The methodology of collusion is uncomplicated. Market players can experiment with their filings at the PX and ISO. The results in the market are available for inspection the following day. When the ISO forecasts a system peak, it is easy for bidders to adjust their behavior to decrease supply. If competitors do not join in the process, their decisions are evident in the EHV real-time data.

Motive. This speaks for itself. The ability to sell into the PX and the ISO during high-priced periods is massively more profitable than business as usual. Traditional industry practice would assume that a margin of 10 mills over generation cost (1 cent per kilowatt-hour) would be more than sufficient to creative incentives for new generation projects. Since May 22, the margin has averaged five times that level.

Opportunity. The traditional problem in the exercise of market power is not the means nor the motive. The California ISO and PX may have made the means easier, but any sufficiently concentrated market can find the means to exercise market power. The major hurdle is the enforcement of non-competitive outcomes.

For 30 years the Organization of Petroleum Exporting Countries has attempted to exercise market power.
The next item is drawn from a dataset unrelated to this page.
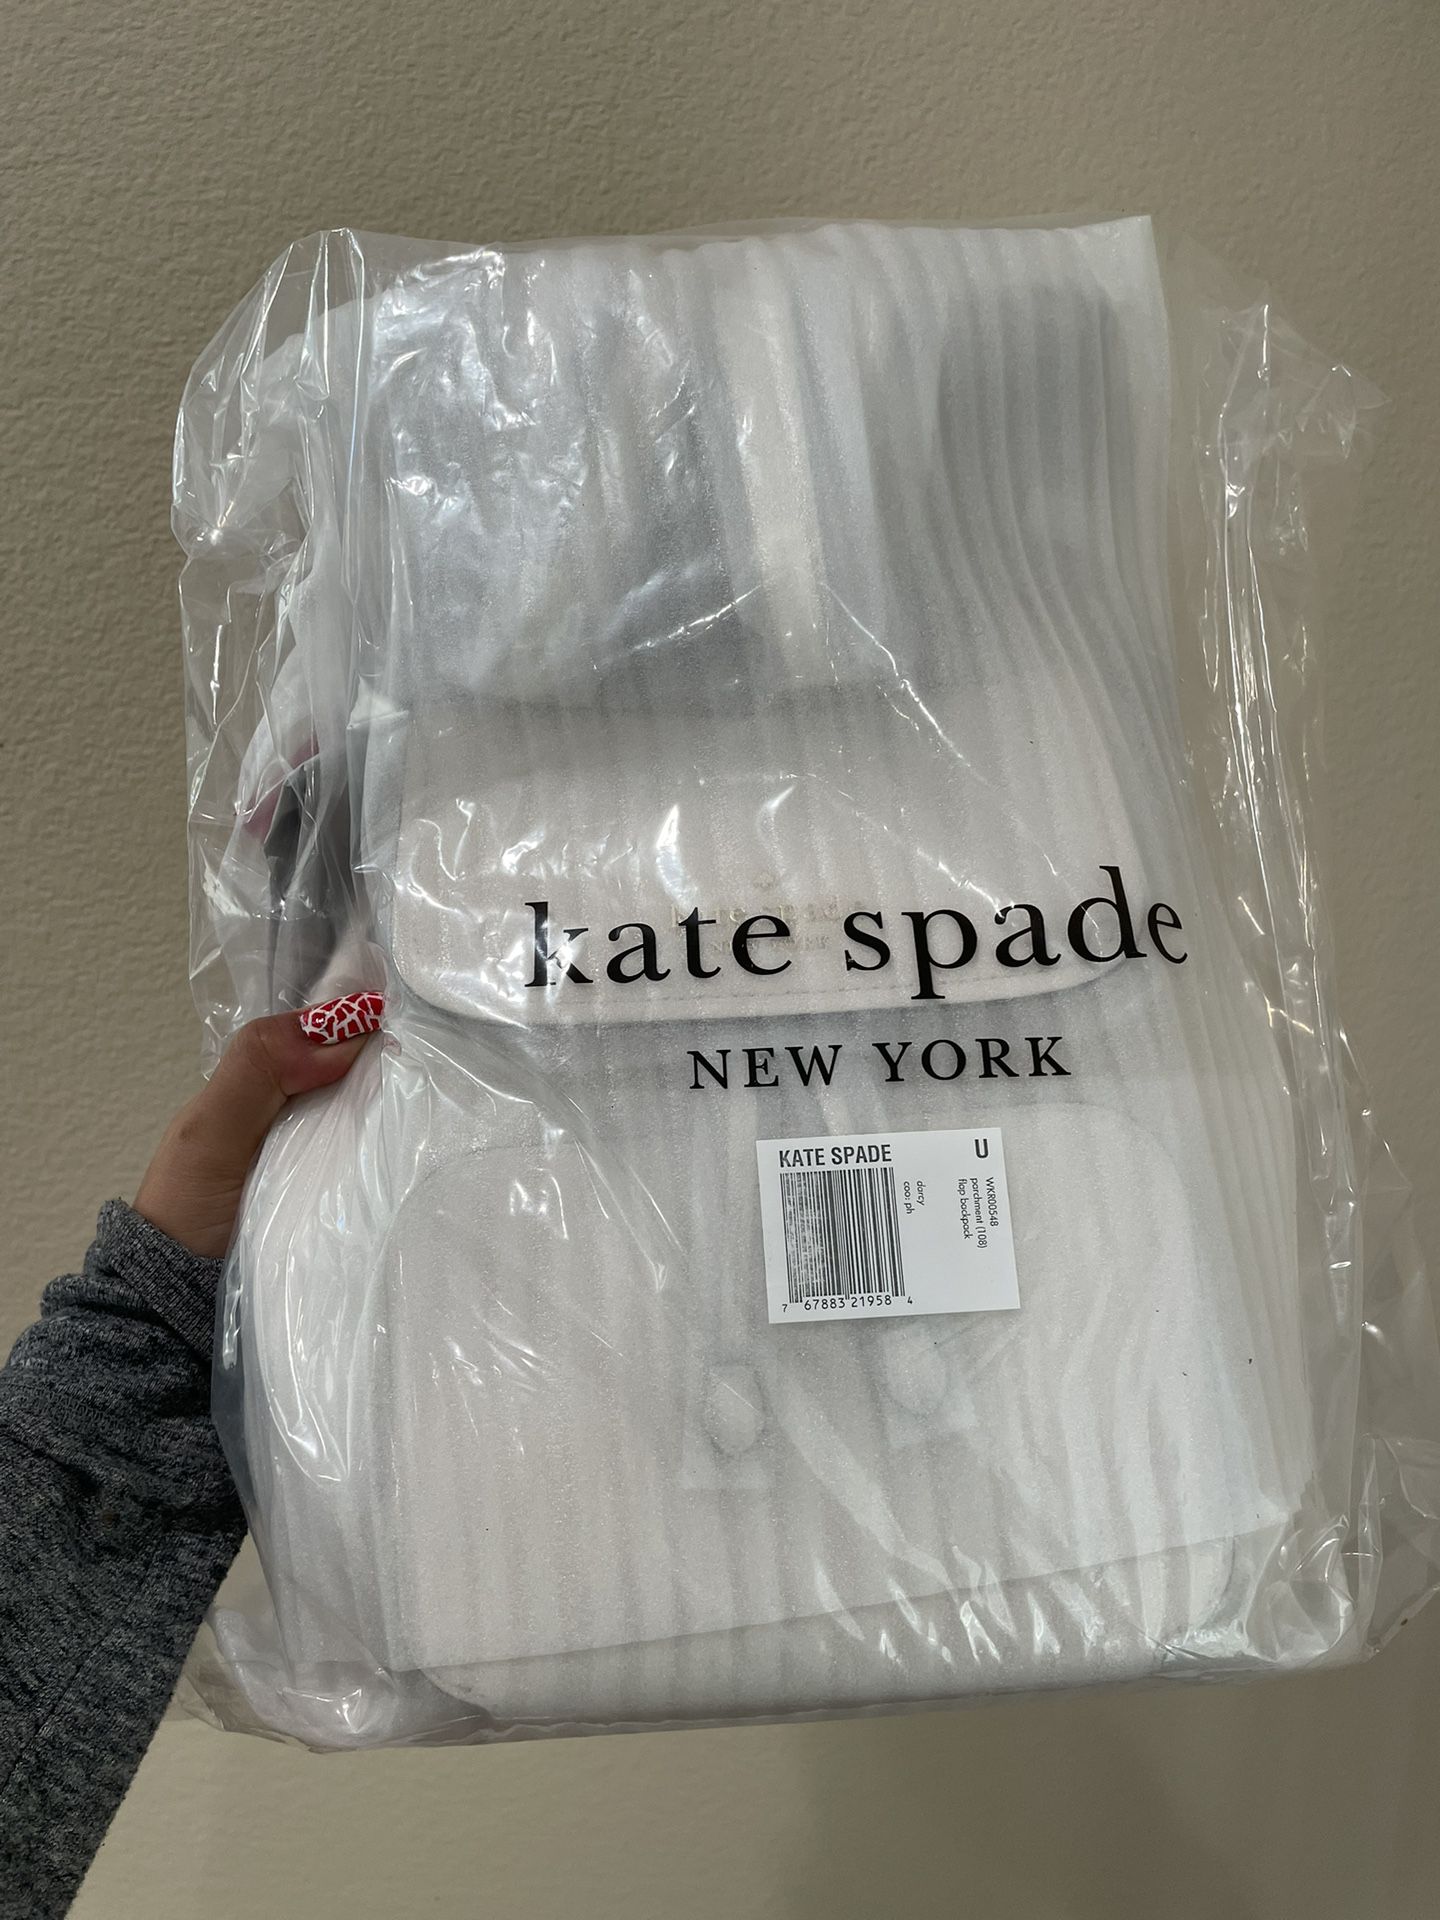 Kate Spade Darcy Flap Backpack for just $89 shipped! (Reg. $359

Its track record is very poor. The problem is not the willingness of OPEC members to abide by production limits. The problem is the enforcement.

Most cartels cannot measure the degree to which the different market players are observing the output restrictions. The ISO's decision to collect and distribute the hourly operating data for its suppliers eliminated this challenge. Suppliers in the ISO service territory knew exactly the production levels of their competitors at any time.
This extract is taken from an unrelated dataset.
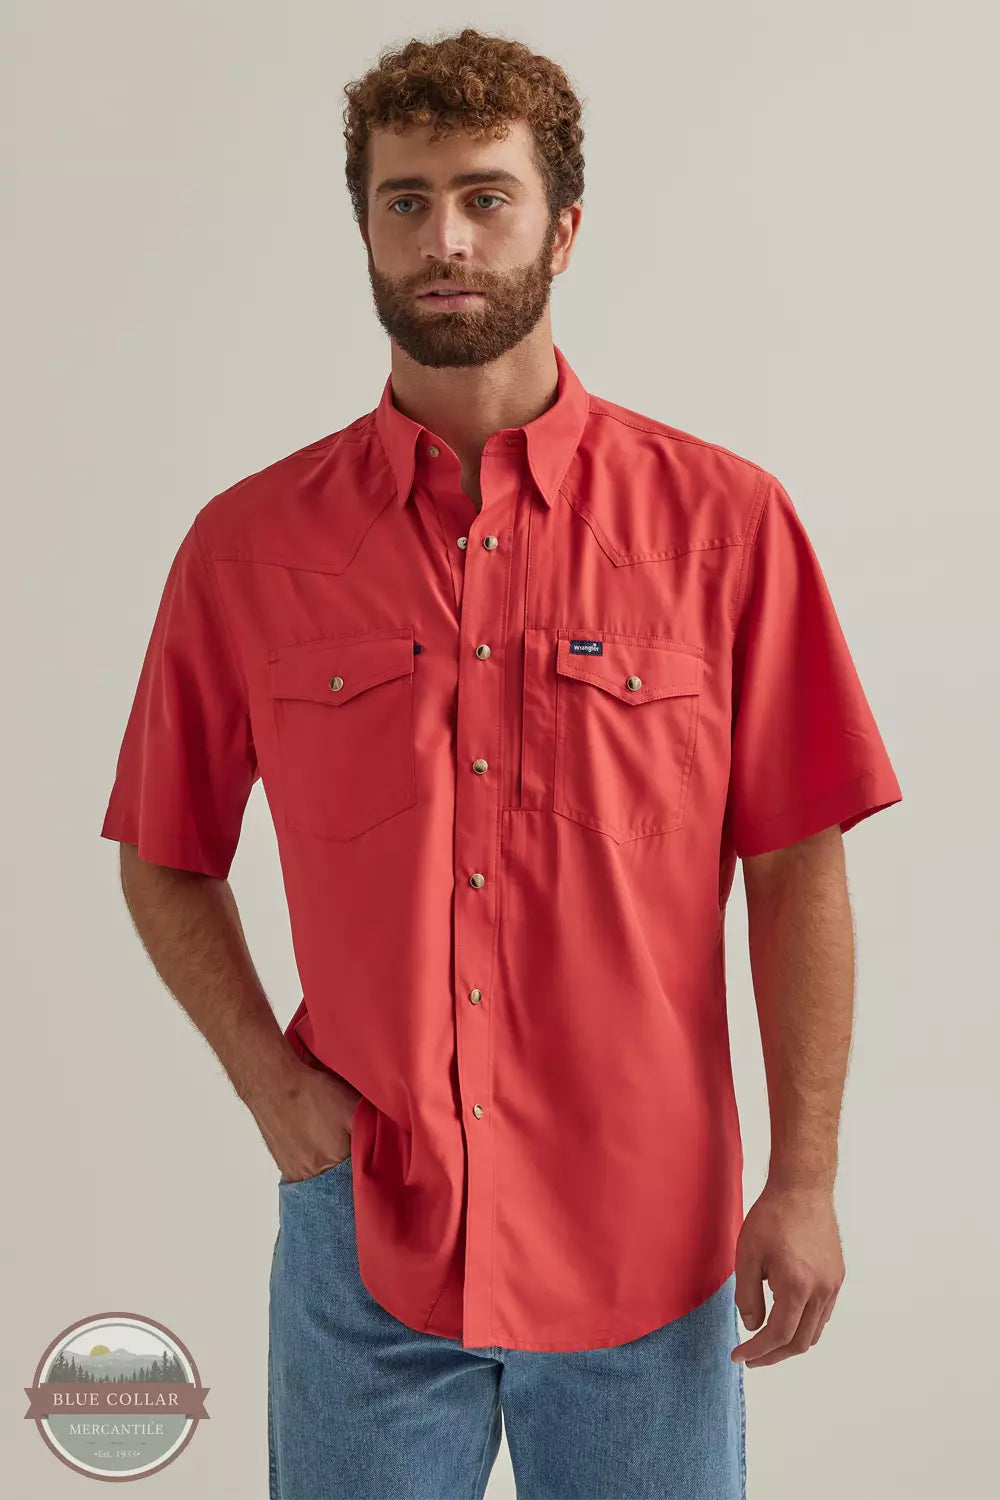 Wrangler 112344571 Performance Snap Shirt in Red Front View

The ISO's decision was all the more puzzling because the distribution of this data explicitly violated its own restrictive policies on the dissemination of market information.

Measuring the Damage

The increase in bulk power prices caused by the exercise of market power is the change not explainable by changes in natural gas prices, hydroelectric generation, and the load/resource balance. To isolate and identify that change, we have assembled a statistical model that includes these components. We have also included a "dummy" variable to represent market power, starting in the last week of May. The results of our model indicate a very high cost associated with market power, which can be measured in terms of cents per kilowatt-hour, with a plus/minus figure showing the expected range of statistical variation, at a confidence level of 99 percent.

The surcharges shown here come on top of prior surcharges identified with increased costs in bulk power markets of 1.67 cents per kilowatt-hour and 1.17 cents per kilowatt-hour, brought about in April 1998 by the creation of the ISO and PX, respectively. These costs reflect the elimination of California's traditional advantages in import markets and the inefficiencies caused by ISO operational rules. Figures 8 and 9 illustrate the overall impact of market power through June.

Can This Market Be Saved?

On Nov. 1, FERC proposed a handful of reforms10 for the California market, and though it was expected that the commission would revisit and fine-tune its proposed remedies, we can be relatively certain of some of the changes that the FERC has in mind, and can begin to sort out what those changes might mean for California markets.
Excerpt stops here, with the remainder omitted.